Generated with: cargo tree -d 2>&1 | grep -E "^[a-z]" | sort | uniq

async-global-executor-trait v2.2.0 / v3.1.0
base64 v0.21.7 / v0.22.1
bitflags v2.10.0 (multiple uses, same version)
byteorder v1.5.0 (multiple uses, same version)
chrono v0.4.43 (multiple uses, same version)
colored v2.2.0 / v3.1.1
crypto-common v0.1.7 (multiple uses, same version)
either v1.15.0 (multiple uses, same version)
executor-trait v2.1.2 / v3.1.0
foldhash v0.1.5 / v0.2.0
futures-channel v0.3.31 (multiple uses, same version)
futures-sink v0.3.31 (multiple uses, same version)
generic-array v0.14.7 (multiple uses, same version)
getrandom v0.2.17 / v0.3.4
h2 v0.3.27 / v0.4.13
hashbrown v0.14.5 / v0.15.5 / v0.16.1
heck v0.4.1 / v0.5.0
http-body v0.4.6 / v1.0.1
http v0.2.12 / v1.4.0
hyper-rustls v0.24.2 / v0.27.7
hyper v0.14.32 / v1.8.1
idna v0.4.0 / v1.1.0
indexmap v2.13.0 (multiple uses, same version)
lazy_static v1.5.0 (multiple uses, same version)
log v0.4.29 (multiple uses, same version)

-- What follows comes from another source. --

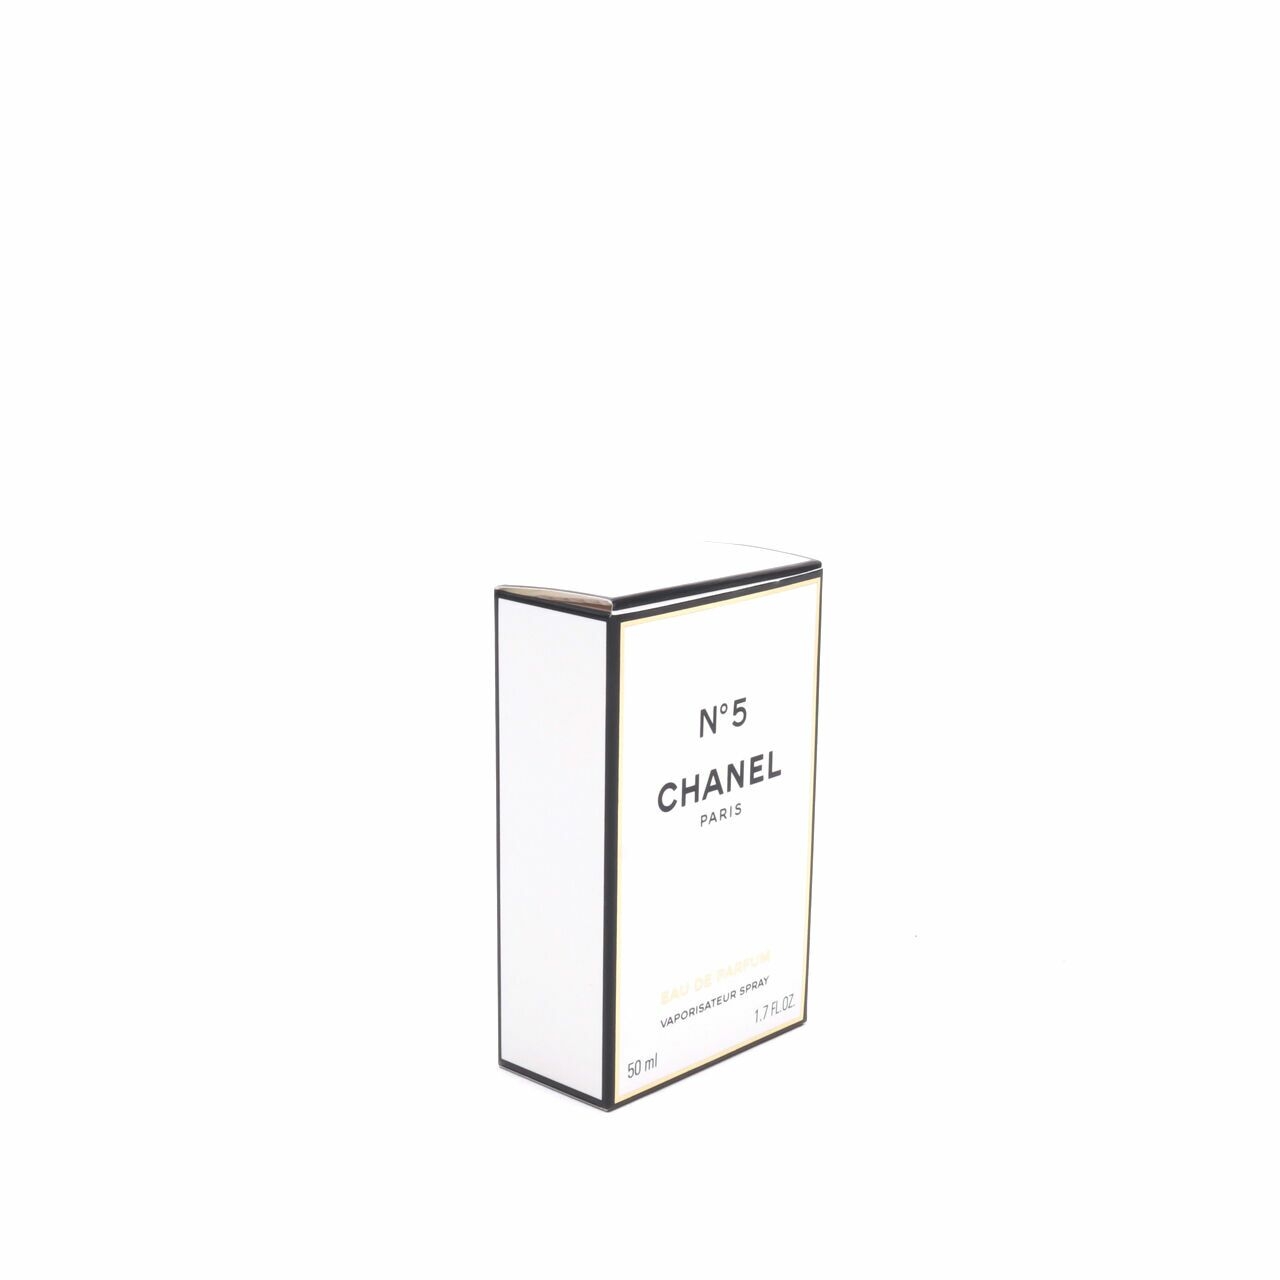 Chanel Eau De Parfum Vaporisateur Spray Fragrance

md-5 v0.10.6 (multiple uses, same version)
nom v7.1.3 / v8.0.0
num-traits v0.2.19 (multiple uses, same version)
openssl-probe v0.1.6 / v0.2.1
rand_chacha v0.3.1 / v0.9.0
rand_core v0.6.4 / v0.9.5
rand v0.8.5 / v0.9.2
reactor-trait v2.8.0 / v3.1.1
reqwest v0.12.28 / v0.13.1
rustls-native-certs v0.6.3 / v0.8.3
rustls-pemfile v1.0.4 / v2.2.0
rustls v0.21.12 / v0.23.36
rustls-webpki v0.101.7 / v0.103.9
serde_core v1.0.228 (multiple uses, same version)
sha2 v0.10.9 (multiple uses, same version)
smallvec v1.15.1 (multiple uses, same version)
socket2 v0.5.10 / v0.6.2
sqlx-postgres v0.8.6 (multiple uses, same version)
subtle v2.6.1 (multiple uses, same version)
syn v1.0.109 / v2.0.114
thiserror-impl v1.0.69 / v2.0.18
thiserror v1.0.69 / v2.0.18
tokio-rustls v0.24.1 / v0.26.4
tokio v1.49.0 (multiple uses, same version)
uuid v1.20.0 (multiple uses, same version)
validator_derive v0.16.0 / v0.20.0
validator v0.16.1 / v0.20.0
webpki-roots v0.26.11 / v1.0.5
winnow v0.6.26 / v0.7.14

Note: Some "duplicates" listed are actually the same version used multiple times (which is fine). Focus on actual version conflicts.